Question

3.1 mol ${\rm{F}}{{\rm{e}}^{3 + }}$ and 3.2 mol of ${\rm{SC}}{{\rm{N}}^ - }$ are present in 1 L solution. At equilibrium 3 mol ${\rm{FeSC}}{{\rm{N}}^{2 + }}$ are formed. The equilibrium constant ${K_c}$ for the reaction $Fe^{+3}+SCN^{-}\rightleftharpoons FeSCN^{+2}$ will be:
(1) 150
(2) 400
(3) 300
(4) 250

Answer 1

We know that, the law of chemical equilibrium states that at a given temperature, a chemical system might reach a state in which a particular ratio of reactant and product concentrations has a constant value. This constant is termed as equilibrium constant $\left( {{K_c}} \right)$.

Complete step by step answer:
Here, first we have to make the ICE table for the reaction. The reaction is given as,

$Fe^{+3}+SCN^{-}\rightleftharpoons FeSCN^{+2}$

Given that initially the moles of ferric ion is 3.1 and moles of ${\rm{SC}}{{\rm{N}}^ - }$ is 3.2 mol. At equilibrium, the moles of the product are 3 mole. That means change in mole during the reaction is 3. So, the ICE table for the reaction is,

| ${\rm{F}}{{\rm{e}}^{3 + }}$| ${\rm{SC}}{{\rm{N}}^ - }$| ${\rm{FeSC}}{{\rm{N}}^{2 + }}$
---|---|---|---
Initial | 3.1 mol| 3.2 mol| 0
Change| -3 mol| -3 mol| +3 mol
Equilibrium | 3.1-3=0.1 mol| 3.2-3=0.2 mol| 3 mol

Now, we have to write the equilibrium constant expression for the reaction. Equilibrium constant is ratio of moles of product to reactant (gaseous).

${K_c} = \dfrac{3}{{0.1 \times 0.2}}$

$\Rightarrow {K_c} = \dfrac{3}{{0.02}} = 150$

Therefore, the equilibrium constant for the reaction is 150.
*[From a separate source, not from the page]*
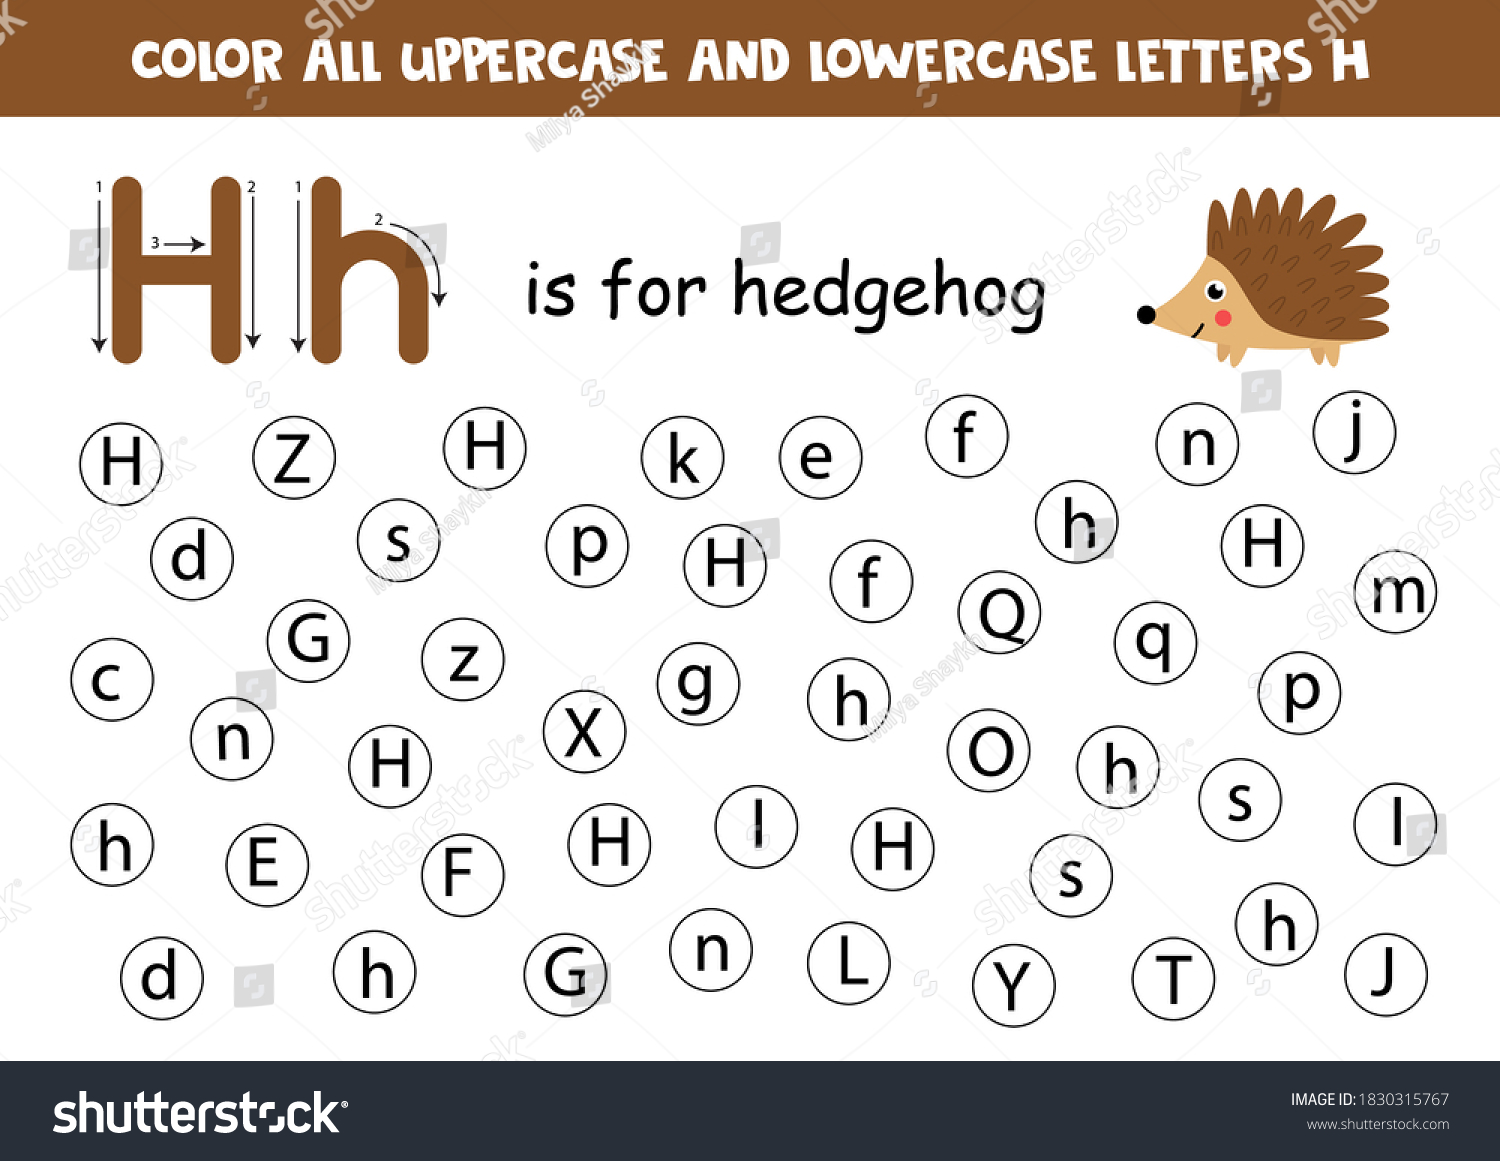 Letter h worksheets images stock photos d objects vectors

So, the correct answer is Option 1.

Additional Information:
Let’s learn about equilibrium constant in detail. Equilibrium constant helps in quantitative measurement of strength of bases and acids in water.

${K_a}$ is acid constant for acidic reaction.

$HA+H_2O\rightleftharpoons H_3O^{+}+A^{-}$

For this reaction, acidic constant is,

${K_a} = \dfrac{{\left[ {{{\rm{H}}_{\rm{3}}}{{\rm{O}}^ + }} \right]\left[ {{{\rm{A}}^ - }} \right]}}{{\left[ {{\rm{HA}}} \right]}}$

${K_b}$ is the basic constant for equilibrium reaction.

$BOH+H_2O\rightleftharpoons B^{+}+OH^{-}$

${K_b} = \dfrac{{\left[ {{{\rm{B}}^ + }} \right]\left[ {{\rm{O}}{{\rm{H}}^ - }} \right]}}{{\left[ {{\rm{BOH}}} \right]}}$

Note: Always remember that, in equilibrium constant expression only gaseous reactants and products are considered. The value of equilibrium constant is dependent on temperature. Its value is independent of the actual amount of product and reactant, presence of catalyst and presence of inert material, pressure and volume of reactants and products.